Segunda. El carácter imperativo de la norma de conflicto y la imposición de que la misma sea aplicable de oficio por lo Tribunales, conlleva, desde el punto de vista de la casación, que su aplicación no pueda ser valorada como:

Una cuestión nueva, si ante el TS o TSJ es alegada por las partes.

 Infracción procesal o incongruencia, si el Tribunal de casación aplica un Derecho distinto del aplicado en la instancia y alegado por las partes.

Tercera. La aplicación ex officio de la norma de conflicto por los Tribunales y en especial, en casación, esta amparada por la regla iura novit curia en razón de:

La norma de conflicto es una norma de calificación y determinación del Derecho aplicable y, por lo tanto, incapaz de modificar la causa petendi.

La norma de conflicto es indisponible, sobre ella no se pueda transigir ni se pueden allanar las partes.

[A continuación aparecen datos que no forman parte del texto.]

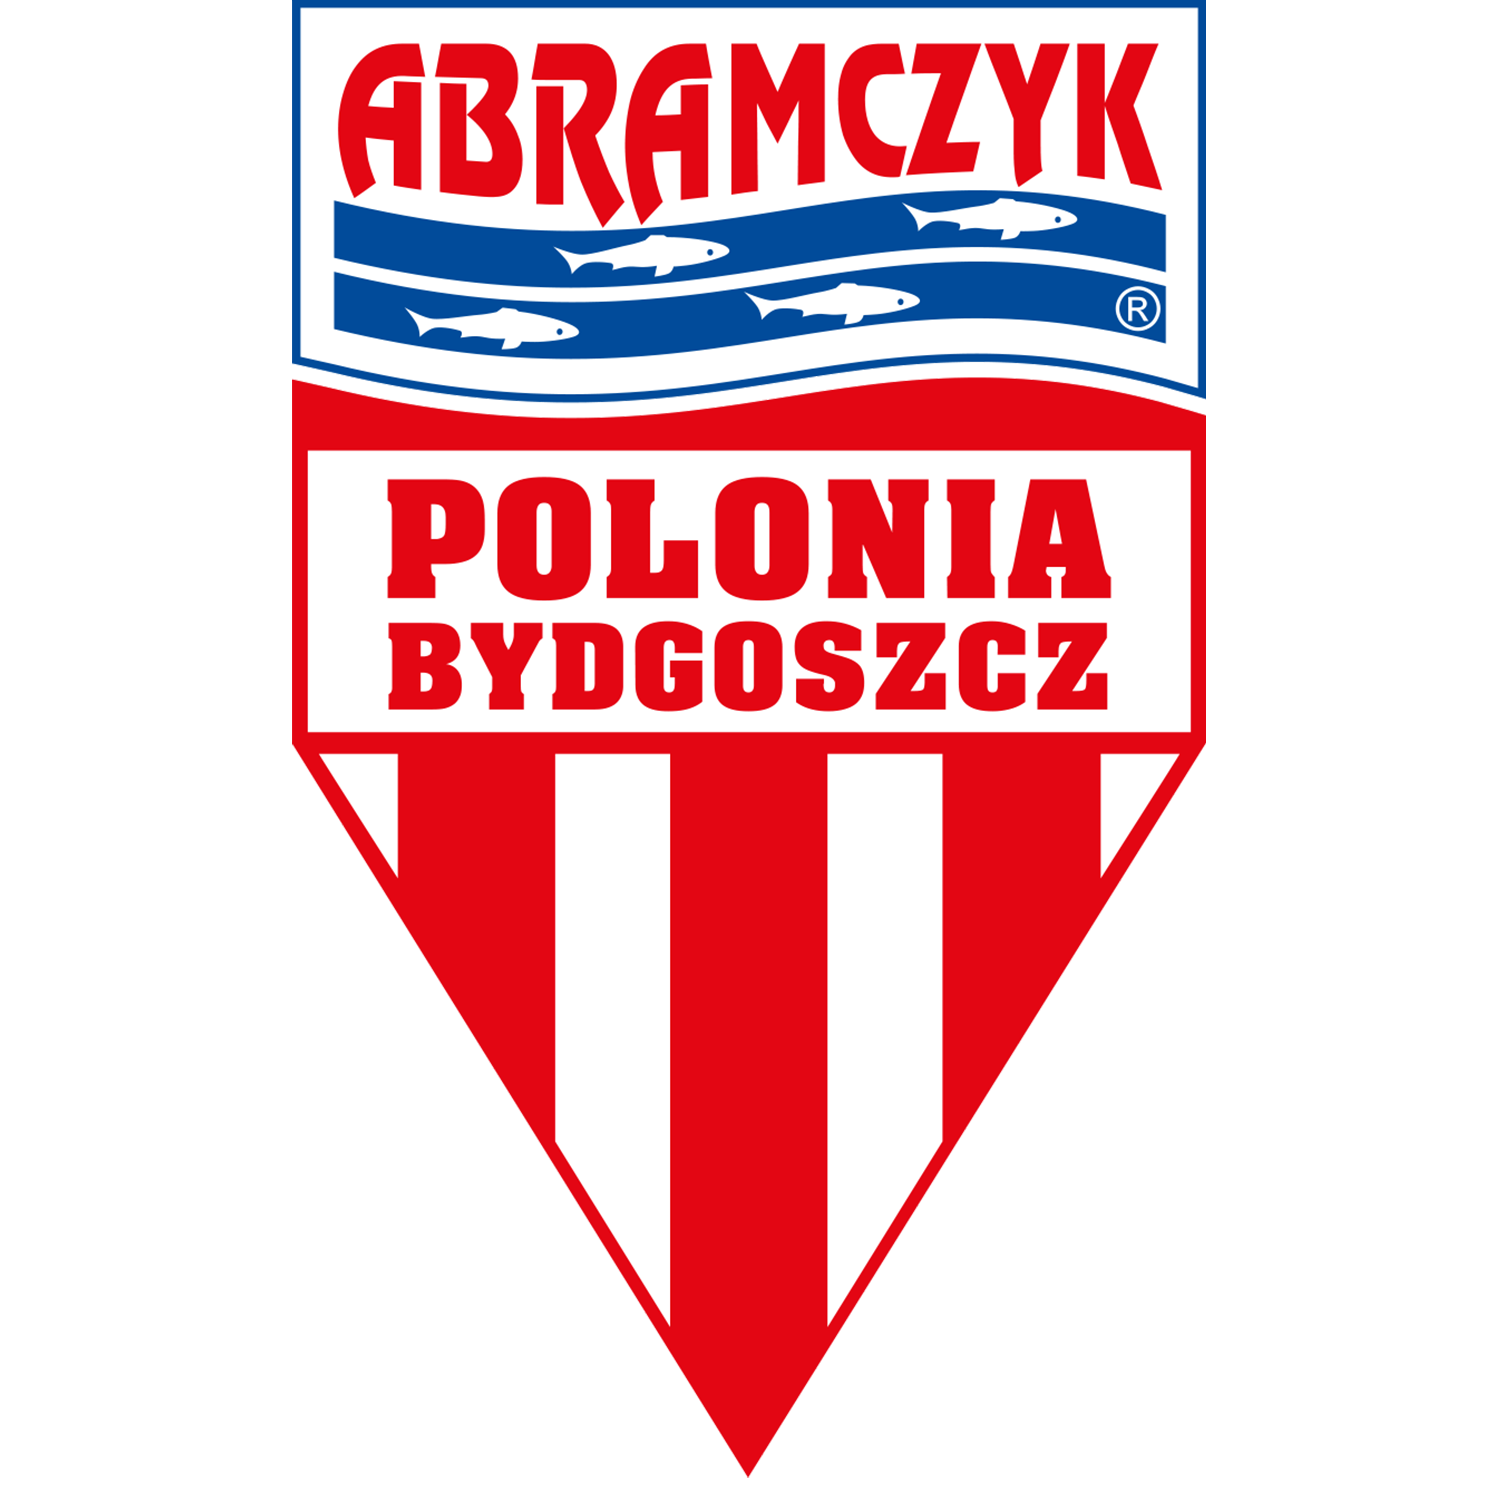 PB.png Logo

 La norma de conflicto contiene un mandato a los órganos judiciales de aplicación ex officio, la misma debe ser inquirida por el tribunal: así lo impone el ordenamiento jurídico y por ello también debe ser aplicada en casación.

Cuarto. El art. 12.6 Cc., en su dimensión interna, juega como garante del principio de igualdad de todos los Derechos civiles territoriales españoles, a través de la aplicación ex officio por los Tribunales.

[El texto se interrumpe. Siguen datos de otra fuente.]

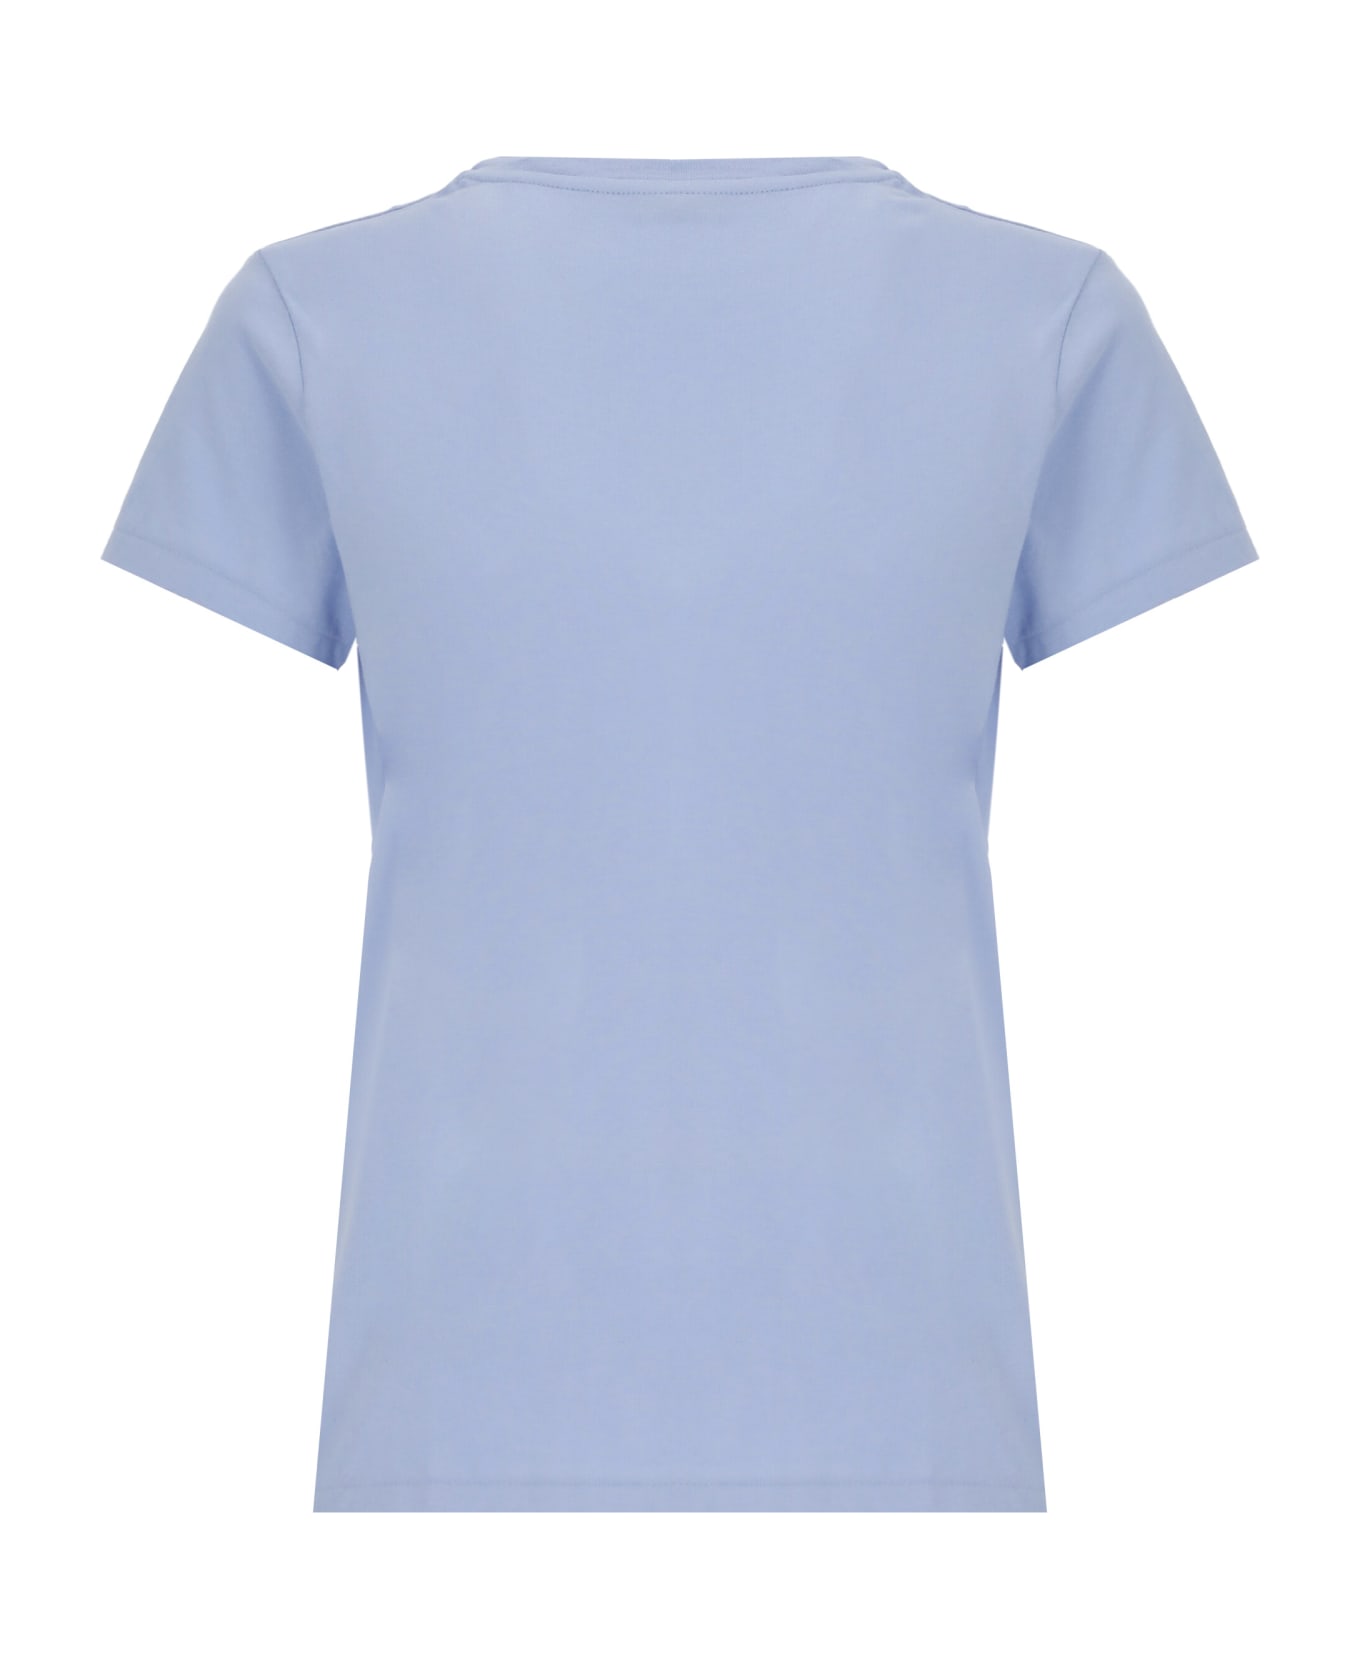 Ralph Lauren T-shirt With Pony - Dress Shirt Blue

Quinto. El art. 12.6 Cc. no nació con la anterior función, pero en el sistema plurilegislativo diseñado por la Constitución española en materia civil, es evidente, que dicha norma contribuye decididamente a garantizar el principio de igualdad entre todos los Derechos civiles coexistentes en el territorio nacional, garantizando con su aplicación el ius constitutionis.

Sexto. El art. 12.6 Cc., aplicable de oficio por todos los Tribunales, presenta limitaciones en su aplicación por los Tribunales Superiores de Justicia y ello en razón de la competencia funcional de éstos cuando el Derecho civil aplicable no sea el propio de la Comunidad autónoma o el supletorio. En estos casos, y en el trámite de admisión (art. 484 Lec.), se deberán remitir los autos al TS o al Tribunal que, en su momento, sea competente, si resulta ser otro el Derecho civil territorial que designa como Derecho material competente la norma de conflicto.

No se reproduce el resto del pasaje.